Canadian Dollar Falls as Oil Discount Reaches Eight-Month High

Canada’s dollar touched a one-week low as the discount for crude oil sold by Canadian companies compared with market benchmarks reached its largest since February, limiting the economic boost from the country’s biggest export.

The currency fell for a second day versus its U.S. peer as politicians in Washington continued a standoff over legislation to fund the government and avoid a shutdown. Americans are losing faith in the nation’s economic recovery, according to a Bloomberg National Poll. Consumer purchases account for about 70 percent of economic activity in the U.S., Canada’s largest trading partner.

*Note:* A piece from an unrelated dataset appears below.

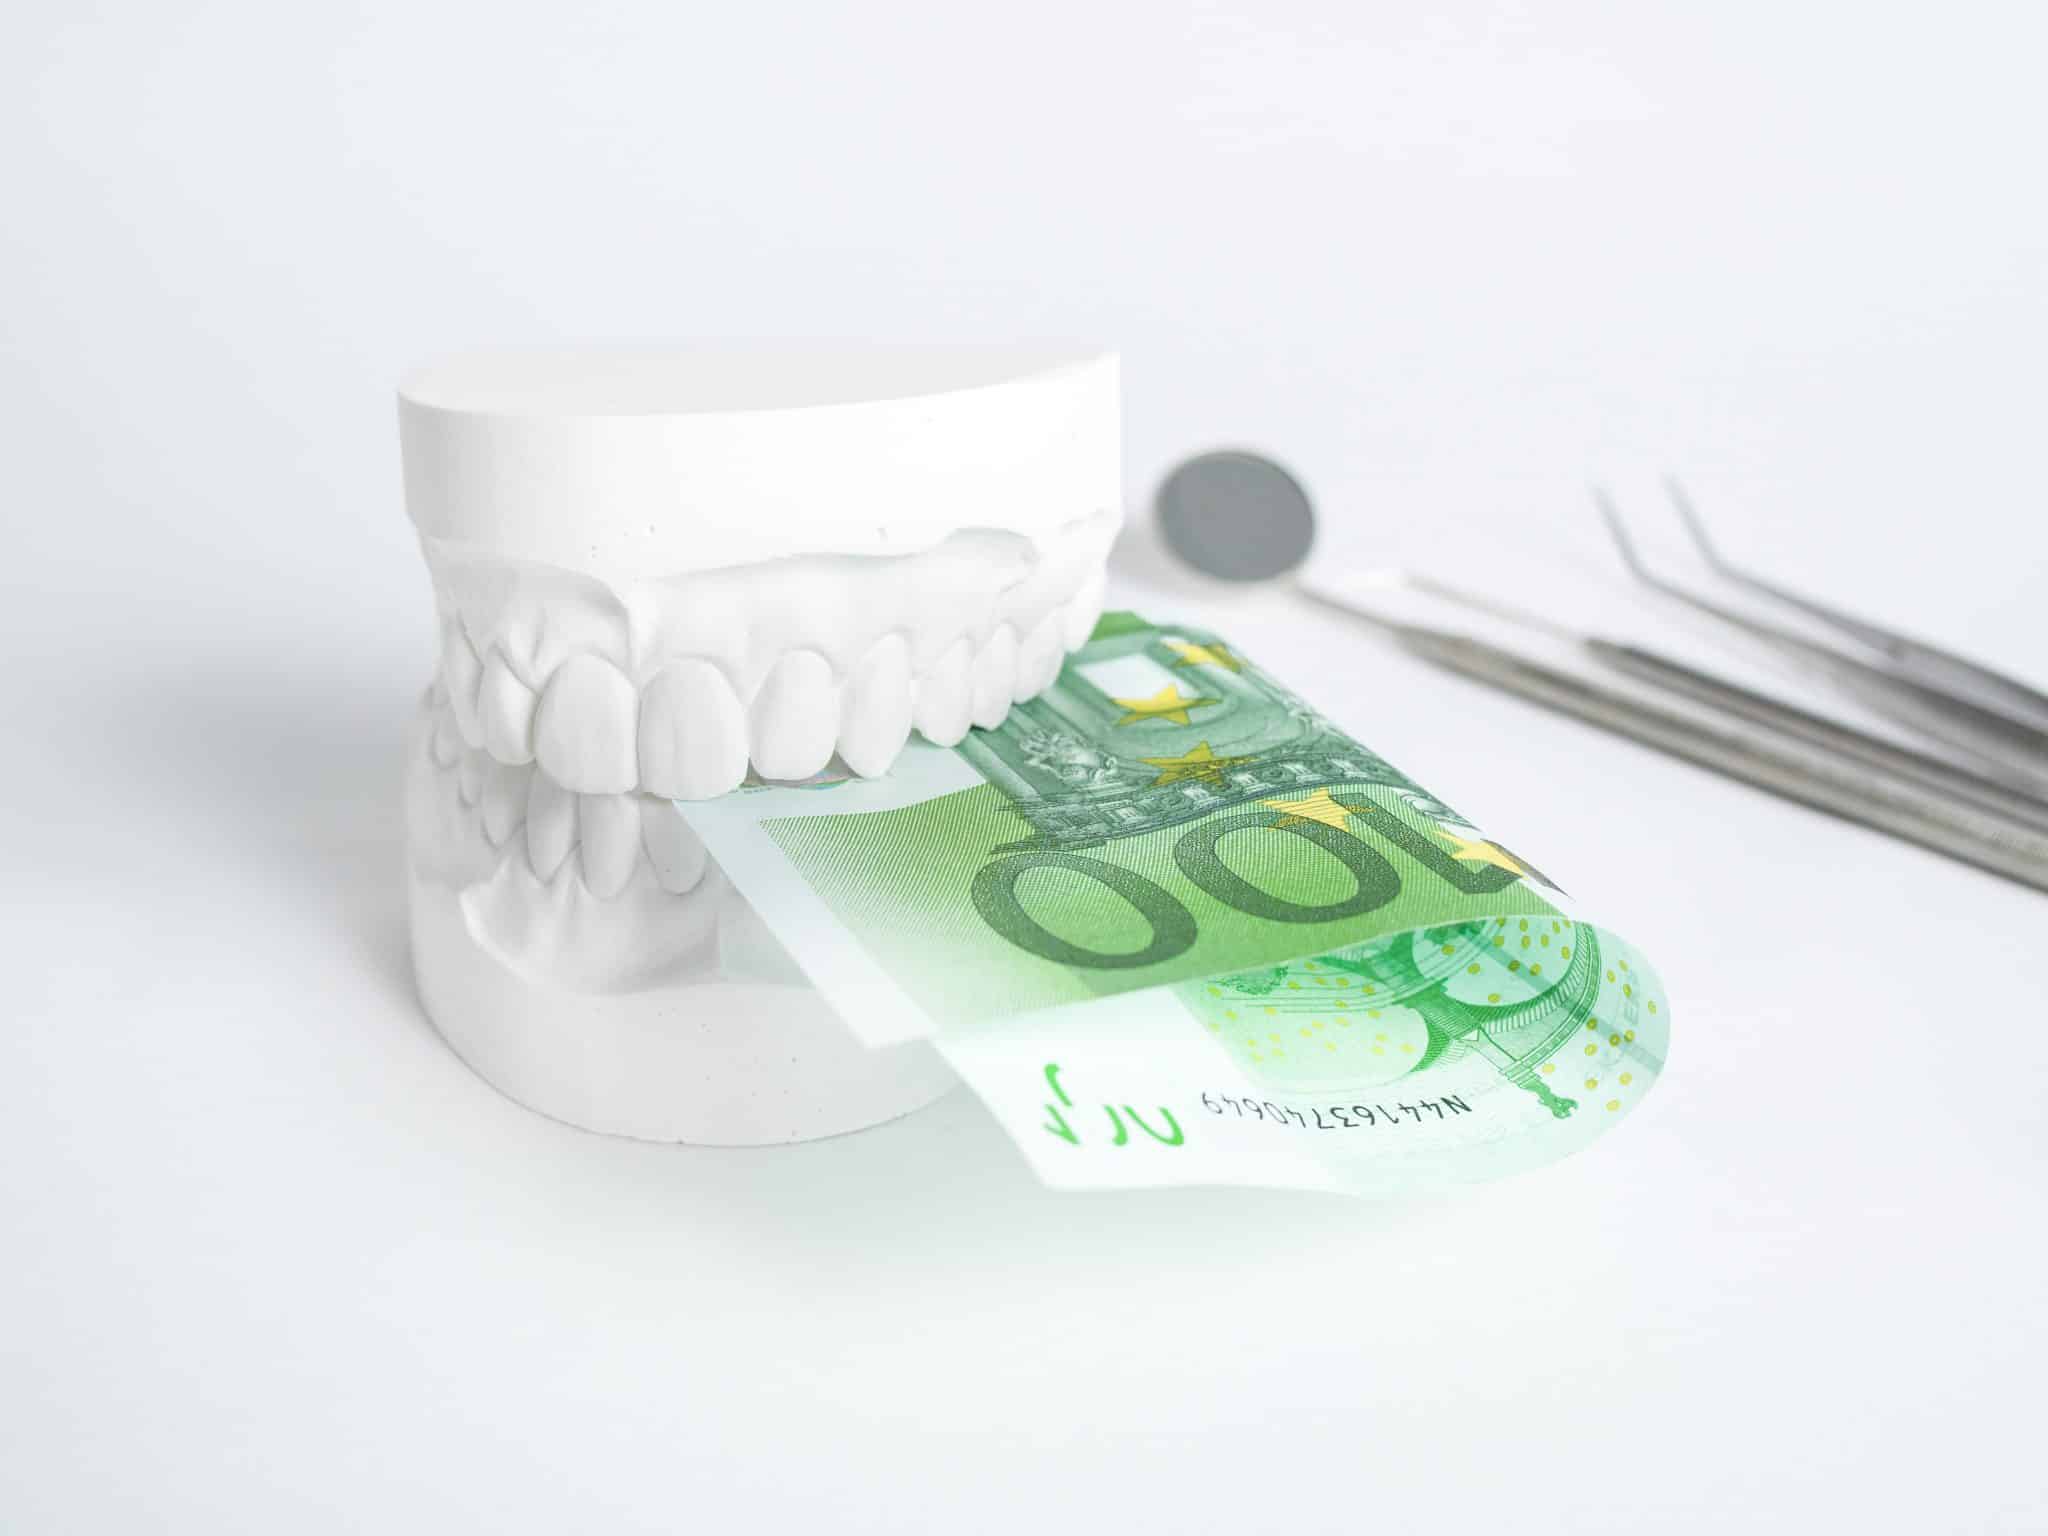 Zahnabdruck, in dem ein Hundert-Euro-Schein steckt. Im Hintergrund zahnmedizinische Instrumente.
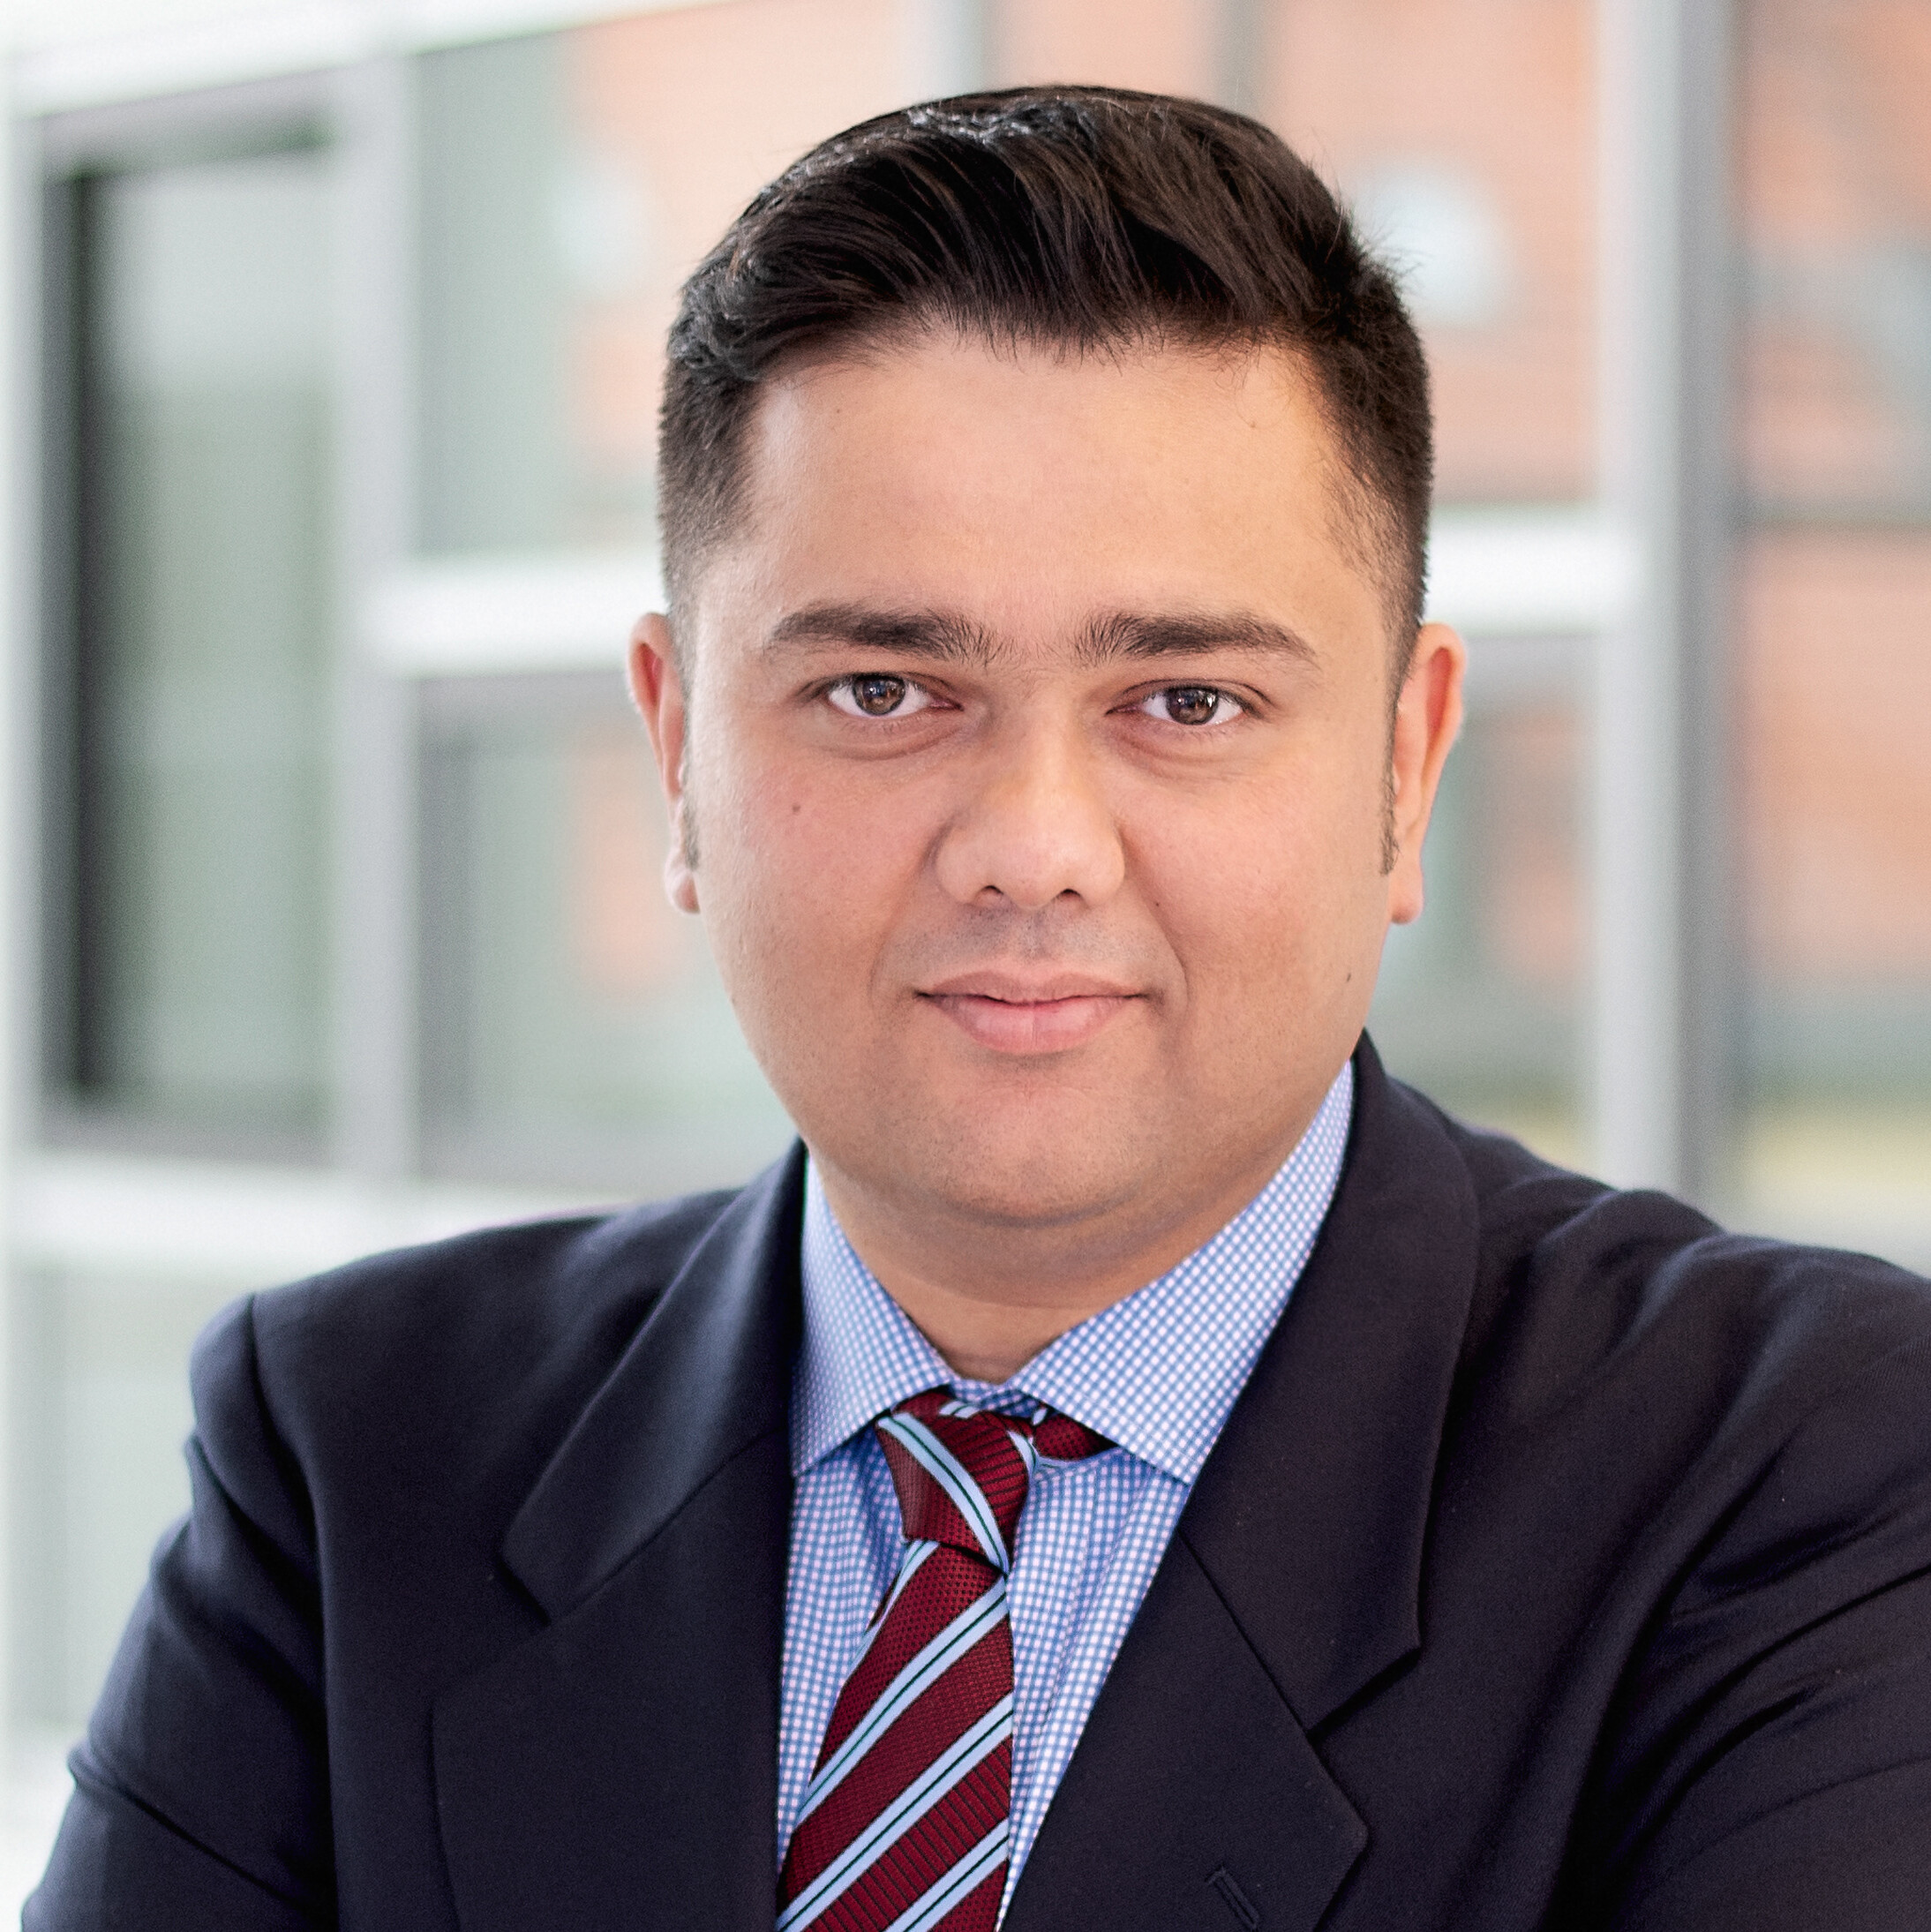 Rushabh Desai, Asia Pacific CEO for Allianz Real Estate

“For the Canadian economy it’s negative to see that spread widen,” Camilla Sutton, head of currency strategy at Bank of Nova Scotia (BNS), said by phone from Toronto. “There’s a lot of uncertainty right now between different proposals in Canada in terms of how to transport oil, and that’s led to some volatility in that spread. I don’t think those issues are resolved in the next couple of days.”

The loonie, as the Canadian dollar is known for the image of the aquatic bird on the C$1 coin, fell 0.1 percent to C$1.0314 per U.S. dollar at 5 p.m. in Toronto after touching C$1.0319, weakest since Sept. 17. One loonie buys 96.96 U.S. cents.

The Canadian dollar is up 2 percent this quarter, trimming its year-to-date drop to 3.8 percent.

Crude Discount

The discount Canada’s benchmark crude oil-grade, Western Canada Select, faced to West Texas Intermediate, its U.S. peer, was at $30 per barrel for a second day, the most since Feb. 4.

Futures on WTI fell 0.8 percent to $102.36 per barrel after rising as much as 0.8 percent.

Canada’s benchmark 10-year government bond rose, with yields falling three basis points, or 0.03 percentage point, to 2.57 percent, the lowest point in almost a month. The 1.5 percent security maturing in June 2023 gained 21 cents to C$90.88.

The Standard & Poor’s 500 Index of U.S. stocks fell 0.3 percent.

The U.S. Senate unanimously advanced a stopgap spending measure to avoid a shutdown following a 21-hour floor speech by Senator Ted Cruz, R-Texas, in opposition to President Barack Obama’s health-care law. Republicans who control the House of Representatives have promised to craft a longer-term funding bill that will undo parts of the law. Obama has sworn to veto any such legislation.

Market ‘Nervousness’

“The news out of the U.S. political situation is again ramping up and causing some nervousness, and I don’t think people necessarily know how to assess all that’s going on in the United States,” said David Watt, chief economist at the Canadian unit of HSBC Holdings Plc. “That’s keeping markets pretty close to home. No one really wants to get caught off guard.”

Fewer Americans anticipate improvement in the economy’s strength over the next year than in the last Bloomberg National Poll in June, with 27 percent saying the expansion will be more robust, down from 39 percent. Forty-four percent of poll respondents say they expect the economy, which has expanded for nine consecutive quarters, to remain about the same, while 28 percent see it weakening.

Canada’s currency rose earlier as the U.S. market for new homes capped its weakest two-month period this year, bolstering the case for the Federal Reserve to maintain monetary stimulus.

Fed policy makers last week refrained from reducing the $85 billion pace of monthly bond buying, saying the tightening of financial conditions, if sustained, could slow the pace of improvement in the economy. The bond-buying is thought to weaken the U.S. currency.

The loonie is little changed this month against nine developed nation currencies tracked by the Bloomberg Correlation Weighted Index. The Australian dollar has climbed 2.1 percent while the New Zealand dollar has had the biggest increase at 3.4 percent. The U.S. dollar has dropped 2 percent.